Global -> SetUp Handlers

Dataset organizers

tardis_em.utils.dataset.find_filtered_files(directory, prefix='instances_filter', format_b='csv')

Finds and retrieves a list of files in the specified directory based on a given prefix and format(s). This function can search for files matching the prefix along with a single format or multiple formats, returning a list of filtered file paths.

Parameters:
  • directory (str) – The directory path in which the search will be performed.

  • prefix (str, optional) – The prefix that filtered files should match. Defaults to ‘instances_filter’.

  • format_b (str or list or tuple, optional) – The format or formats (as string or a list/tuple of strings) to search for matching files.

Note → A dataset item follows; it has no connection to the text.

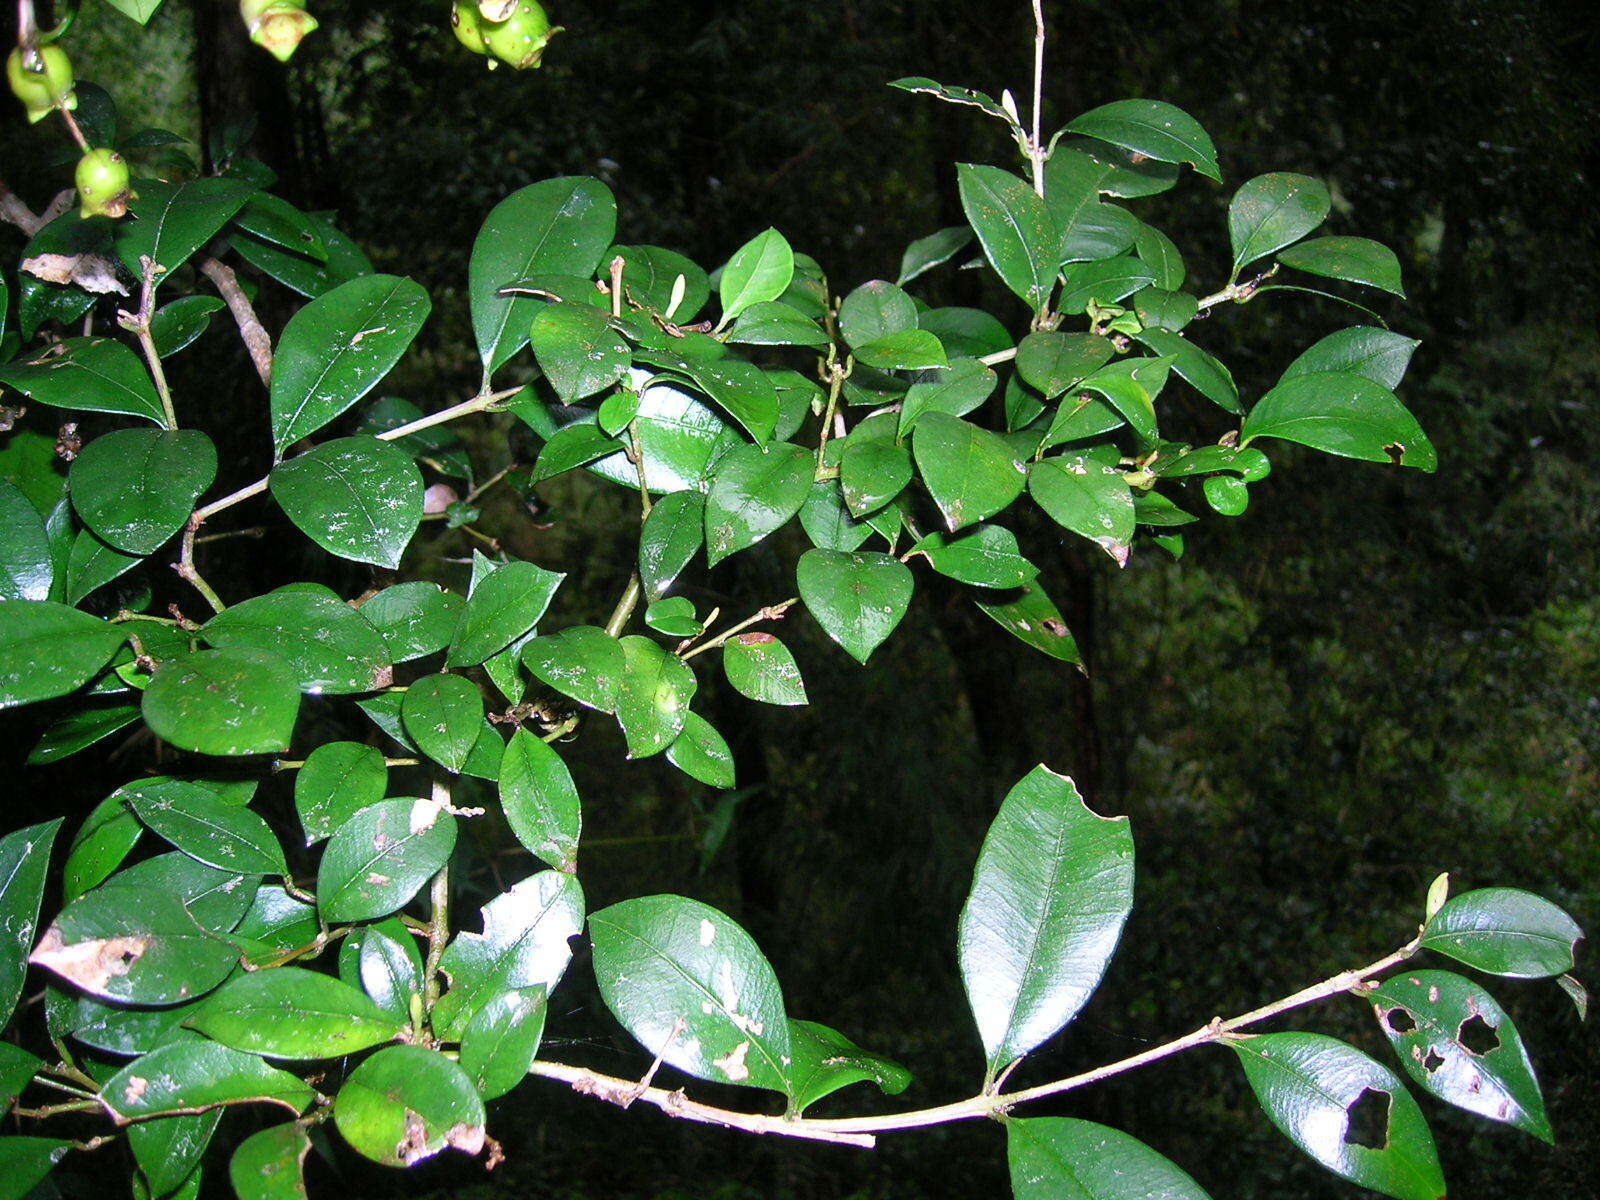 Image of Myrceugenia planipes (Hooker & Arn.) Berg

Defaults to ‘csv’.

Returns:

A list of file paths that match the specified prefix and format(s) in the directory.

Return type:

list

tardis_em.utils.dataset.move_train_dataset(dir_s: str, coord_format: tuple, with_img: bool, img_format: tuple | None = None)

Moves and organizes a training dataset by placing coordinate files and optionally image files into appropriate subdirectories.

Parameters:
  • dir_s (str) – The directory containing dataset files to be moved.

  • coord_format (tuple) – The file extension or format of coordinate files to be processed.

  • with_img (bool) – A flag indicating whether to include associated image files during dataset organization.

  • img_format (tuple, optional) – The file extension or format of image files to be processed if with_img is True. Optional.

Returns:

None

Return type:

None

Raises:
  • TardisError – If no coordinate files matching coord_format are found in the given directory.

  • TardisError – If with_img is True but no image files matching img_format are found in the given directory.

tardis_em.utils.dataset.build_test_dataset(dataset_dir: str, dataset_no: int, stanford=False)

Builds a test dataset by reorganizing and moving files from the train dataset directory to a test dataset directory based on specific selection logic. This function handles dataset creation for both the general case and a special case for Stanford datasets. Images and corresponding masks are moved into a new test directory, ensuring the train directory is properly split into train and test datasets.

Parameters:
  • dataset_dir (str) – Path to the directory containing the dataset.

  • dataset_no (int) – Number of datasets or partitions to consider when splitting for test data.

  • stanford (bool) – If True, applies specific folder organization and file movement logic for Stanford datasets. Defaults to False.

Returns:

None

Environment setup

tardis_em.utils.setup_envir.build_new_dir(dir_s: str)

Builds a directory for temporary output files and ensures required files are present within the specified directory. If the required conditions are not met or the output directory already exists, appropriate actions are taken.

Parameters:

dir_s (str) – Path to the base directory where the temporary directory will be created.

Returns:

None

tardis_em.utils.setup_envir.build_temp_dir(dir_s: str)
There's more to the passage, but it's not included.